Stored renewable hydrogen can provide power when wind and solar resources are limited due to weather conditions and time of day, as well as provide seasonal energy storage from renewable energy sources.

"We worked hard to develop a total solution for our customer IPA that included not only gas turbines capable of using renewable hydrogen fuel, but also the nearby ACES project, which will affordably generate and store large quantities of renewable hydrogen," said Paul Browning, president and CEO of MHPS Americas.

"We believe both IPP and ACES will be essential renewable energy infrastructure that will eventually help enable a 100% renewable power grid for the entire western interconnect of the United States, and will also provide renewable hydrogen for industrial and transport uses," Browning said.

HYDROGEN MARKET GROWTH

As more US states and large corporations look to decarbonize their operations and economies, hydrogen has become a growing part of the conversation.

"There is some talk about hydrogen being used to help decarbonize the natural gas system," Judith Judson, vice president of distributed energy systems at energy efficiency and renewable energy firm Ameresco, said in a phone call. Judson is the former commissioner of the Massachusetts Department of Energy Resources. She joined Ameresco in January.

"It is still in an earlier stage and something to be considered as the power sector becomes cleaner, Judson said." It's possible to use offshore wind power at night to generate green hydrogen, she added.

"And space heating in the Northeast generates about 44% of the region's greenhouse gas emissions, so there could be a role for hydrogen, as well as renewable natural gas, to play in reducing emissions from the heating sector," Judson said.

Jeff Rissman, industry program director and head of modeling at bipartisan energy think tank Energy Innovation, said his overall take on the project is positive.

"It seems like a unique project that will be a good commercial-scale demonstration project for generating hydrogen and using it for energy storage. The cost of generating hydrogen should come down with advances in electrolysis, one of the key technologies identified as worth more research effort to help decarbonize industry," Rissman said.

The project is sited where a salt dome provides natural hydrogen storage capability, so that will reduce the costs of hydrogen storage equipment. They already are grid-connected with high voltage transmission lines, he said.

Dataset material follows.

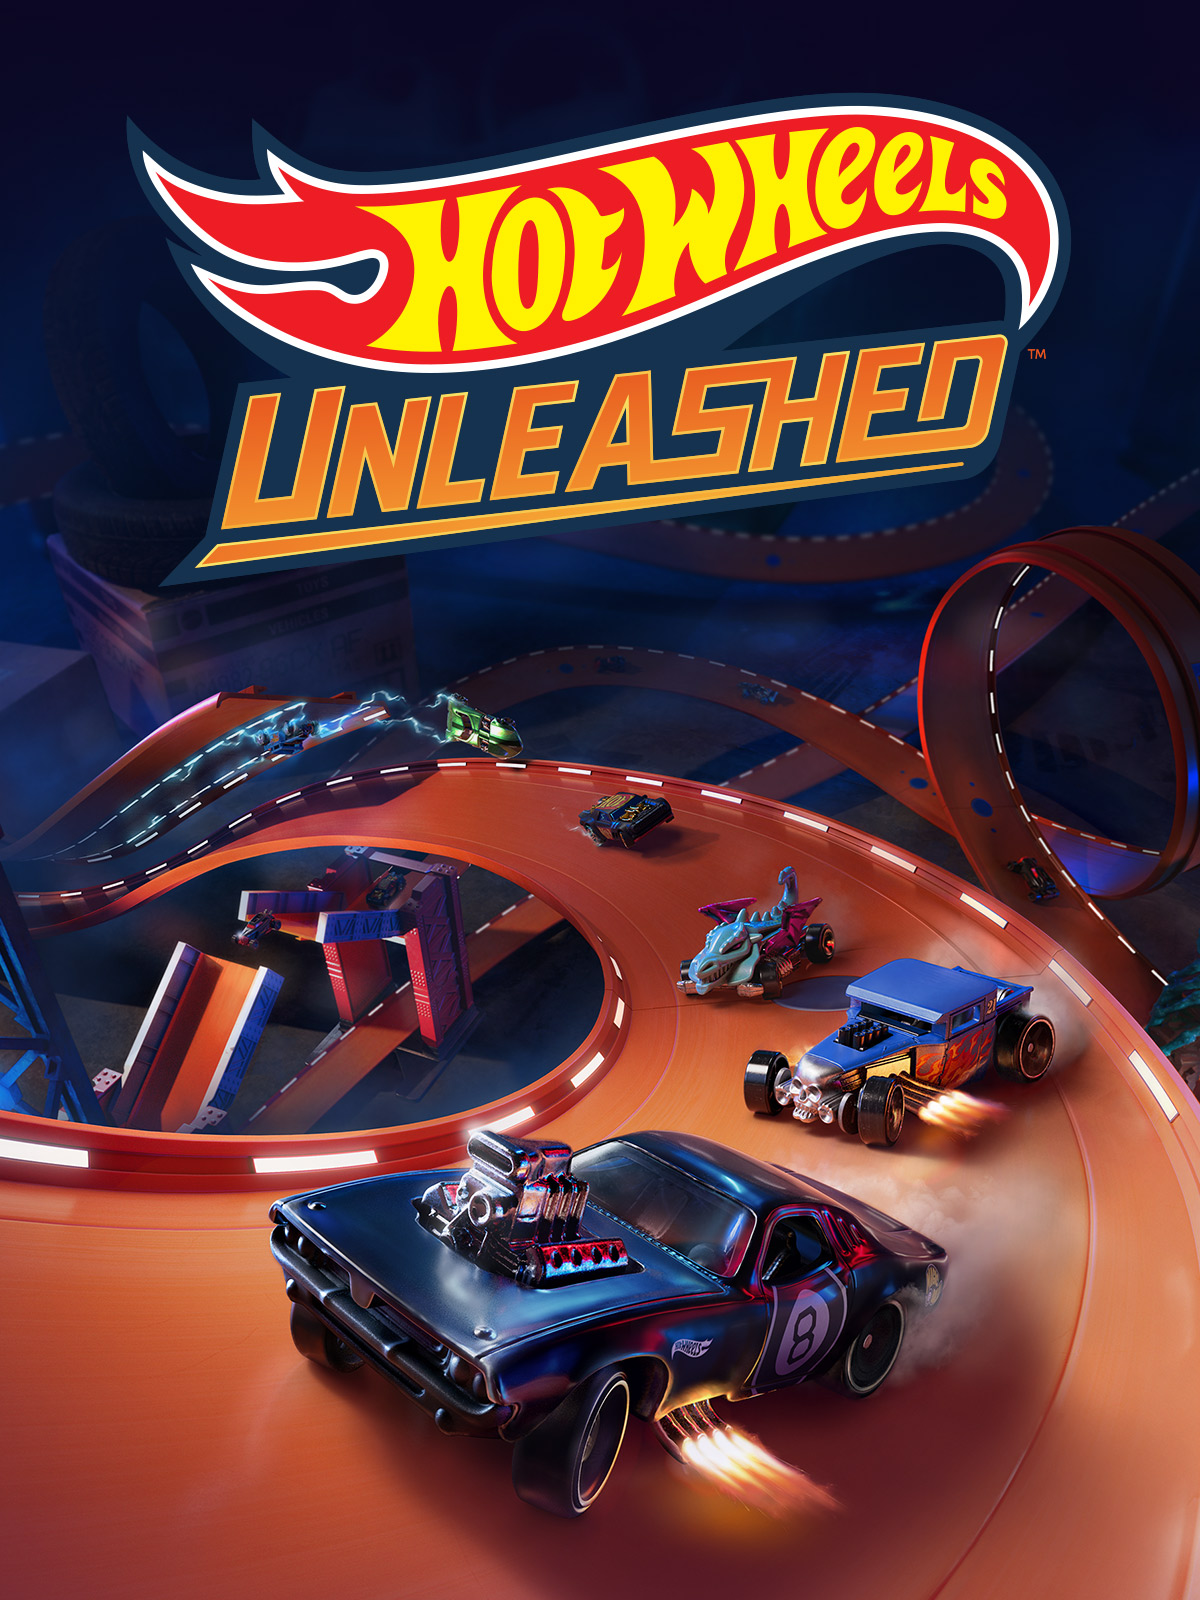 HOT WHEELS UNLEASHED™ 2 – TURBOCHARGED TO INCLUDE FAST & FURIOUS VEHICLES - Hot  Wheels Unleashed 2

By switching from coal to natural gas as soon as possible, they immediately cut their climate impact, and by buying equipment that can work with hydrogen, they avoid locking in those gas emissions. They also preserve more jobs at the plant and in the community than if they simply replaced the plant with renewables, Rissman added.

"I don't know how widely replicable the project is, because some coal plants won't have all of these positive traits, like the existing salt dome, and I don't know if there will be enough demand for seasonal energy storage to make every coal plant into a gas/hydrogen plant. But there probably are at least a few more coal plants that could do this, and maybe some existing gas plants as well," he said.